Детство регламентировалось и управлялось, как тренировочная автоплощадка. По воскресеньям малышам давали бушевать у светофоров. Их приучали
Если я с унынием спрашивала:
— К чему это все?
Меня тут же спускали с небес на землю:
— Внимание, красный свет.
Осмотрительные автоинструкторы были такими же кумирами молодежи, как в других странах — истекающие кровью революционеры. За революциями следили издалека, с ужасом убеждаясь: мы давно отошли от столь ретроградского насилия. А для собственного ретроградства предупреждающих знаков не имелось: «Внимание, женщина в аварийном состоянии! Возможно обрушение! Ответственность несем мы».
— Если бы вас завтра посадили в самолет и отправили на родину, что бы вы сделали? — интересуется психиатр.
— Ничего бы не вышло, я бы умерла до высылки.
— Почему вы бежали именно в нашу страну?
— Разве весь мир не говорит, что у вас гуманная страна? Все доверяют вам свои деньги и тайны. Я решила, что буду здесь в своей тарелке.
— Вы поставили все на одну карту и проиграли.
Пациентку бросает в дрожь: сначала начинают трястись руки и грудь, потом ноги. На улице за тридцать, а на ней защитой от бесприютности висит черный шерстяной свитер.
— Наша задача — защита вашего психического и физического здоровья, но только в рамках законодательства. Если миграционные службы не дадут вам убежища, мы ничем помочь не сможем.
Психиатр повторяет каждую мысль трижды, даже не утруждая себя подбором новых слов. Я перебиваю его, перевожу коротко и внятно. Он удивлен, крупный угловатый мужчина, не привыкший к возражениям.
Человек проявляется в первых фразах. Перевод — очистительный огонь, в котором сгорает все, кроме золота.
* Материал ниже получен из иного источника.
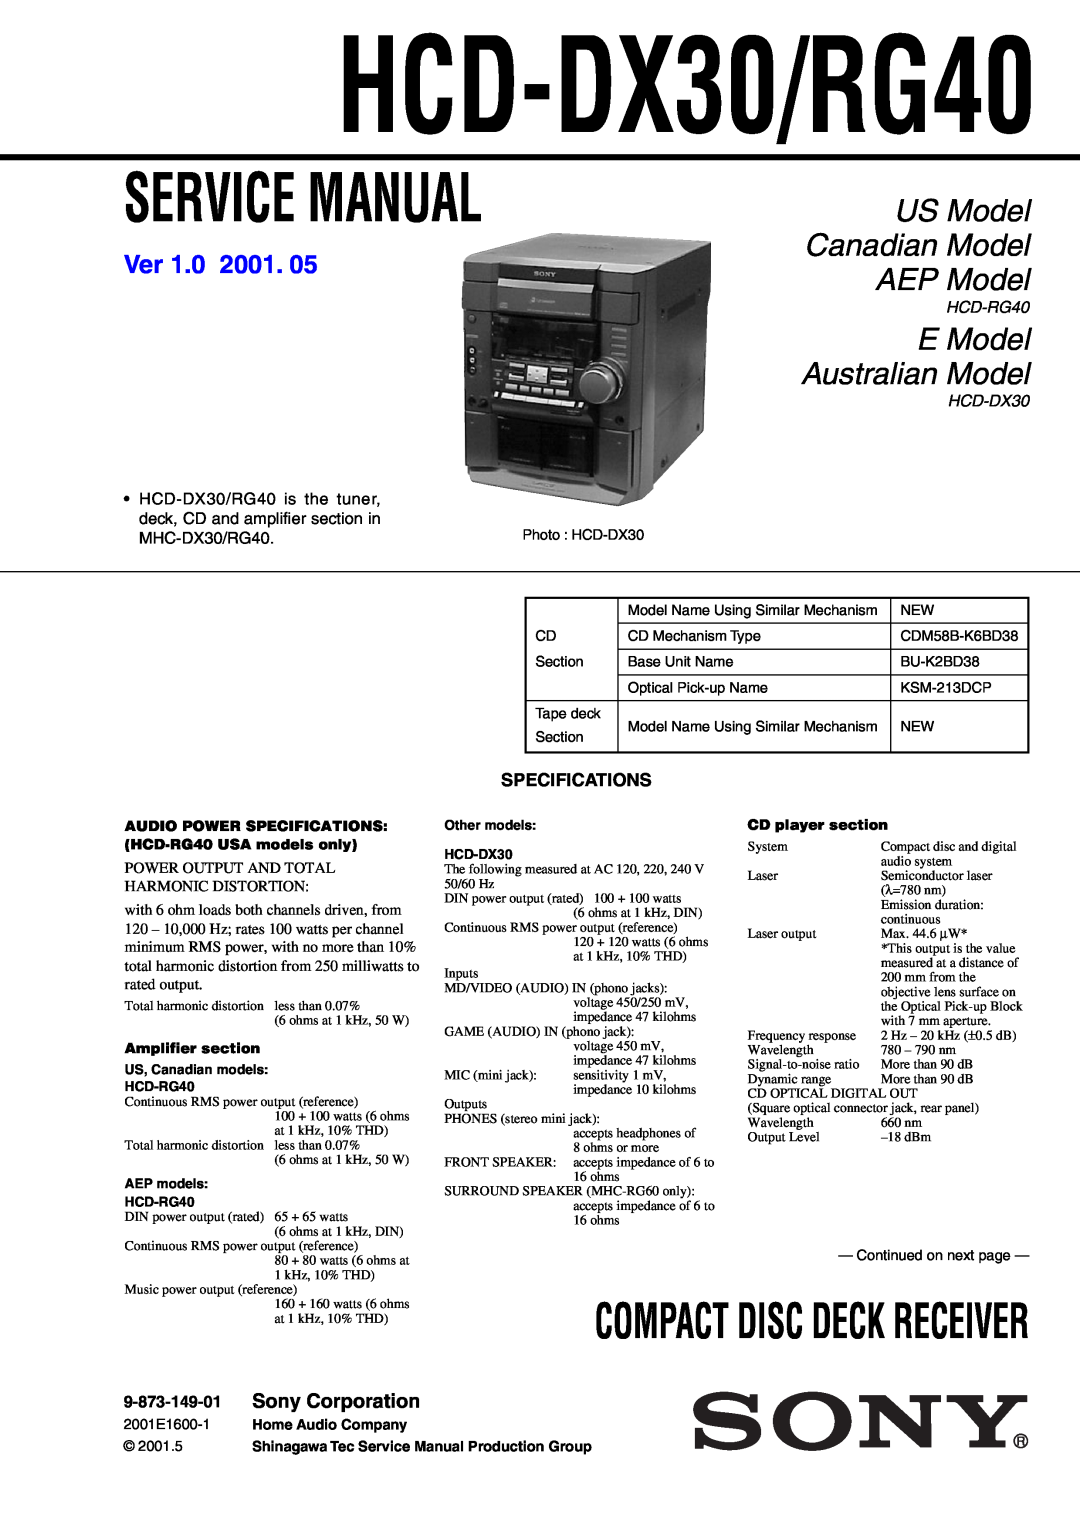 Sony HCD-RG40 specifications Ver 1.0 2001, HCD-DX30/RG40, Service Manual, US Model Canadian Model AEP Model

Однажды я переводила соцработницу, так сильно переживавшую из-за любого пустяка, что у нее краснела шея. Она упорно твердила одно и то же, а потом пожаловалась директору бюро переводов, что я говорила гораздо меньше, чем она. Я занимаюсь переработкой отходов, спасаю из словесного сора лишь значимые части.
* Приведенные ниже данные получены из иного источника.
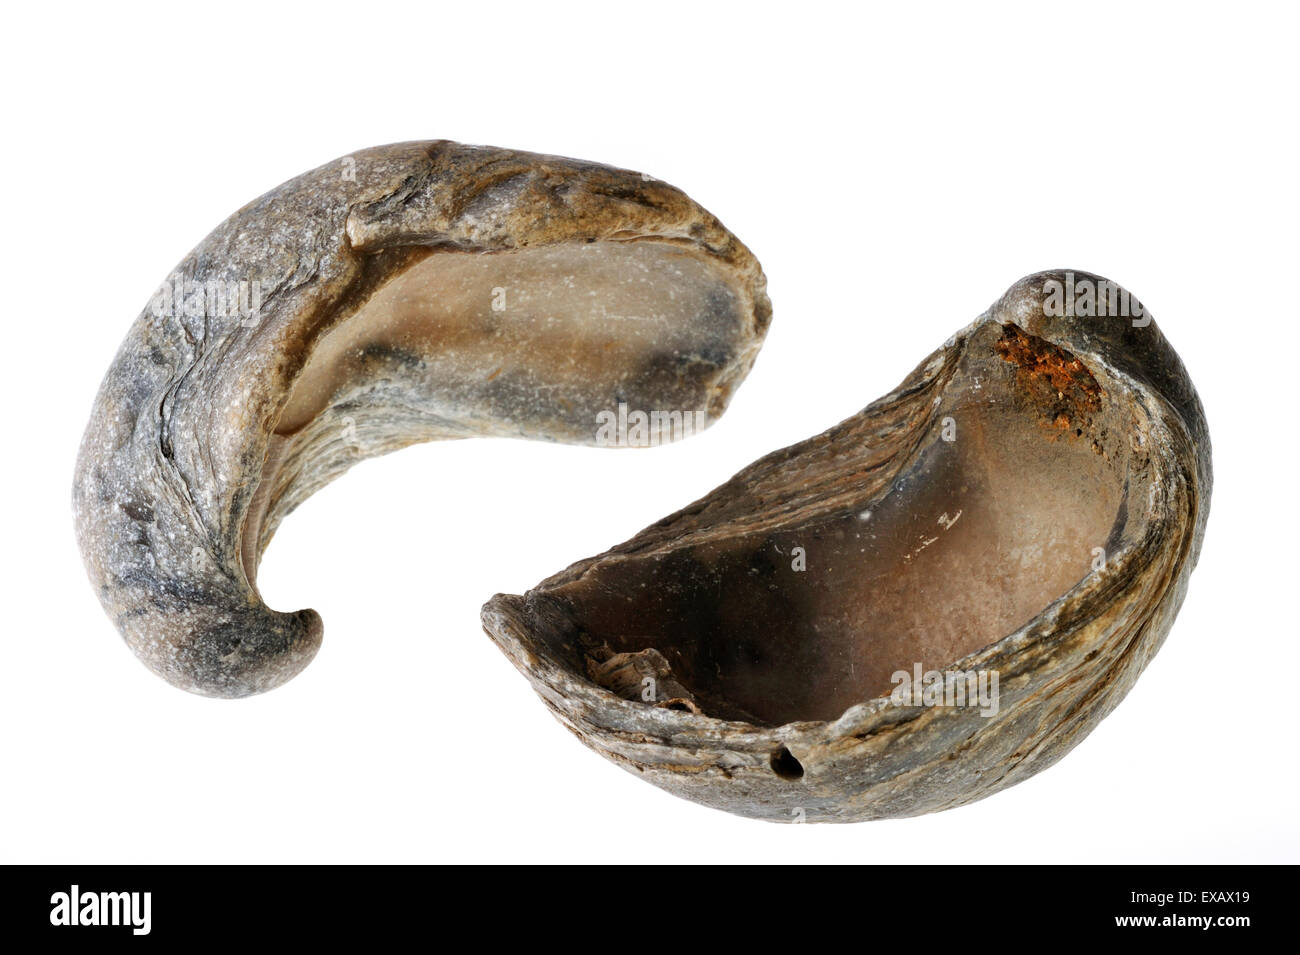 Devil's toenail / Gryphaea dilatata / Gryphea dilatata, species of Jurassic oyster, Gryphaeidae marine bivalve mollusc Stock Photo

Психиатр работает с напускной серьезностью, наигранным участием и стандартными вопросами. Не позволяет себе никаких непроизвольных жестов. Разыгрывается слаженная пьеса, не обремененная языковыми ухищрениями и жестами. Так душу можно водить, как машину. Заехал в тупик — сдавай назад. Лишь когда звонит телефон и детский голос в трубке кричит «Папа», у психиатра появляются человеческие черты, он весело смеется и лепечет:
— Мой милый!
Потом снова становится пустой плоскостью, на которую пациентка может проецировать все, что ей надо. Уловка явно срабатывает, она говорит:
— Я чувствую, что вы меня понимаете.
И сразу требует:
— Вылечите меня.
Сидя рядом с ней, испытываю стыд, что отношусь к тому же полу. Напротив нас — стена из четырех мужчин: рядом с главным психиатром — три молодых ассистента, прилежно ведущие свои записи, вторгающиеся во внутреннюю жизнь этой женщины, чтобы разобрать ее на составные части. А позже посудачить о ней на профессиональном жаргоне.